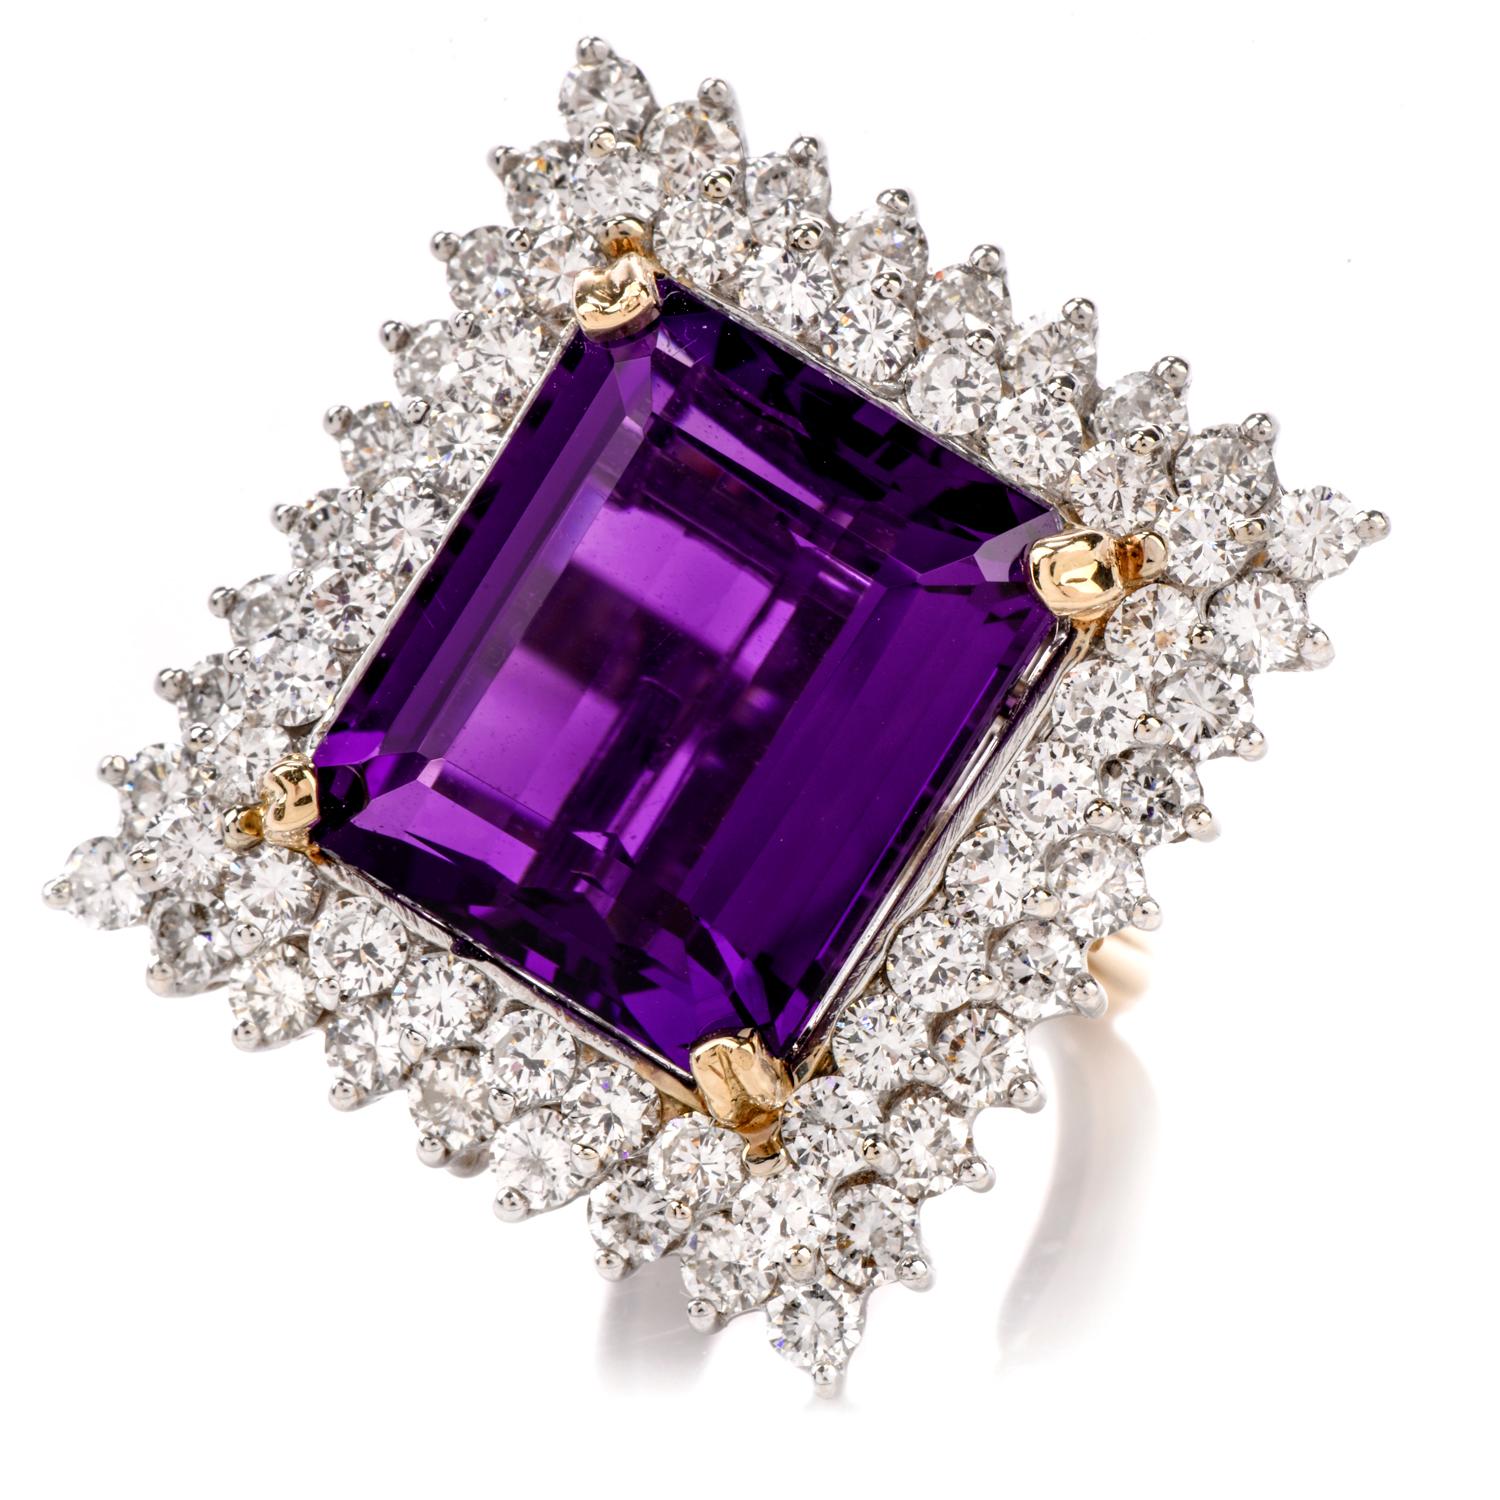 Add multiple pieces to your jewelry wardrobe with this versatile, 

Amethyst and Diamond Pendant and Cocktail ring combination.

Boasting the color and as a focus on the piece is a large

rectangular shaped Amethyst measuring appx. 17.57 x 15.07 x

═══

▶ TASK ITEM
When a line in the material includes the word "Amethyst", copy it out.

▶ SOLUTION BELOW
Amethyst and Diamond Pendant and Cocktail ring combination.
rectangular shaped Amethyst measuring appx. 17.57 x 15.07 x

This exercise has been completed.